Even in the cited Hammond et al paper, note that the effect of serum is not an immediate arrest. Human mammary epithelial cells (HMEC) could already go through 3 to 4 passages in serum (at 1:10 splits), according to the Introduction to the paper; the improvement with the serum-free medium was to allow 10-20 passages. And even in that paper, near the end of the Results you will see a difference between HMEC and human keratinocytes in terms of response to calcium; calcium makes keratinocytes differentiate and lose proliferative capacity, while HMEC do best at high calcium.

Recent work has developed ways that can allow many types of epithelial cells (both normal and tumor cells) to proliferate indefinitely in culture, in the presence of 5% serum. Inhibition of the Rho-associated kinase ROCK is critical, as is the production of some yet-undefined factor by feeder fibroblasts. So even if some component of serum tends to lead to differentiation or senescence and growth arrest, that effect can be avoided.

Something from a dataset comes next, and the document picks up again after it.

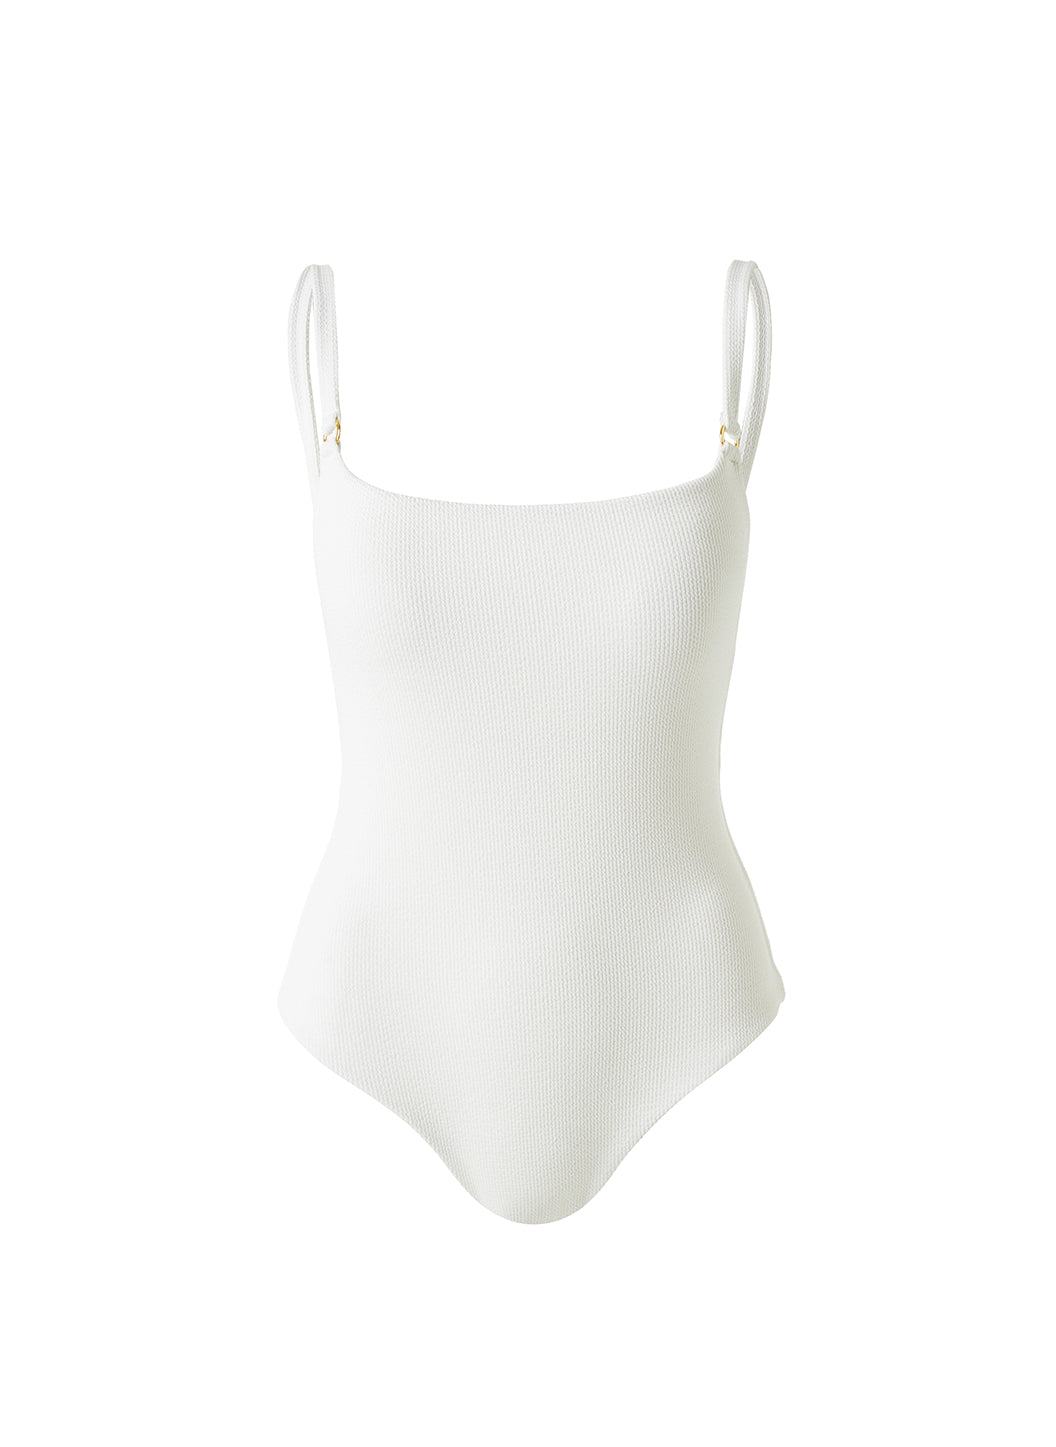 Tosca_White_Ridges_Swimsuit_Cutout_2023

Note, however, that the authors of this newer work do call the cells treated this way "reprogrammed," recognizing that they are not the same as the original epithelial cells in some important ways. What that "reprogramming" entails is under active investigation, and your concerns about selection, adaptation, and potential artifacts of culture are very important. But even if this is considered an artifact, understanding the mechanisms at work should produce some important advances in understanding epithelial biology.